— Недурно, чудесно, восхитительно, — слышалось со всех сторон.
— Ну, теперь еще больше, чем прежде, я отказываюсь видеть здесь злых дев с гусиными лапами, — громко заявил доктор.
— Это и понятно, все вампиры при заходе и восходе солнца прикованы к своим гробам, — сказал старик немец, староста деревни, приглашенный хозяином на ужин в виде любезности за разрешение осмотреть школьно-церковный архив.
Вдруг в комнате раздался раздраженный голос хозяина.
— Вы с ума сошли, Смит, если воображаете, что я соглашусь спать на старых тюфяках, да еще под пыльными занавесями.
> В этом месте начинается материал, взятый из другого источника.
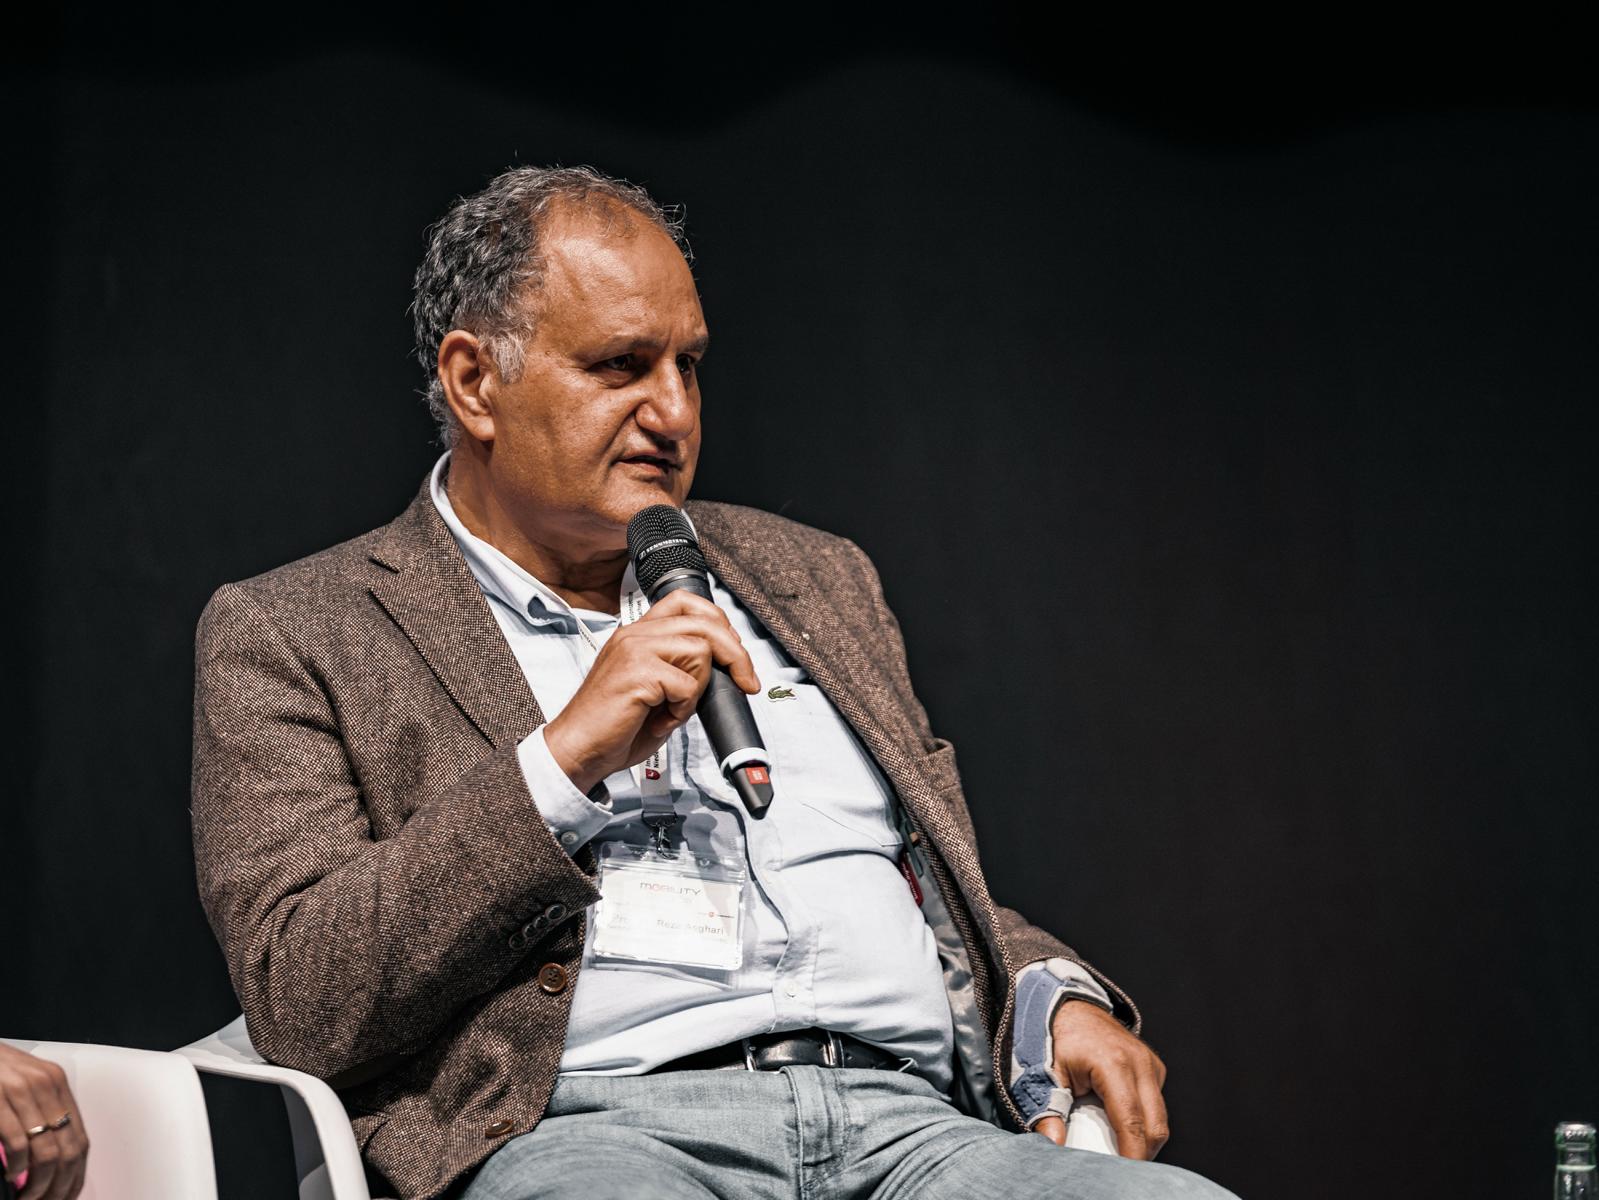 Prof. Reza Asghari von der TU Braunschweig sitzt auf der Bühne in einem weißen Stuhl und spricht in ein Mikrophon, das er in der Hand vor seinen Mund hält.

Нет и нет. Свежее сено и отсутствие тряпок.
— Извините, мистер, но я полагал, что это лучшая комната в доме, — отвечал сконфуженный управляющий.
— Ну, а теперь прикажите снести мои вещи в одну из маленьких спален.
Управляющий и его помощник Миллер начали быстро переговариваться и, видимо, были в большом затруднении.
— В чем еще дело? — спросил хозяин.
— Мы не знаем, как быть, кому из господ предложить эту комнату, так как число кроватей заготовлено по числу гостей, — с низким поклоном сказал Миллер.
— В наказание за вашу непредусмотрительность ложитесь сами в это пыльное гнездо, — смеясь, ответил Гарри.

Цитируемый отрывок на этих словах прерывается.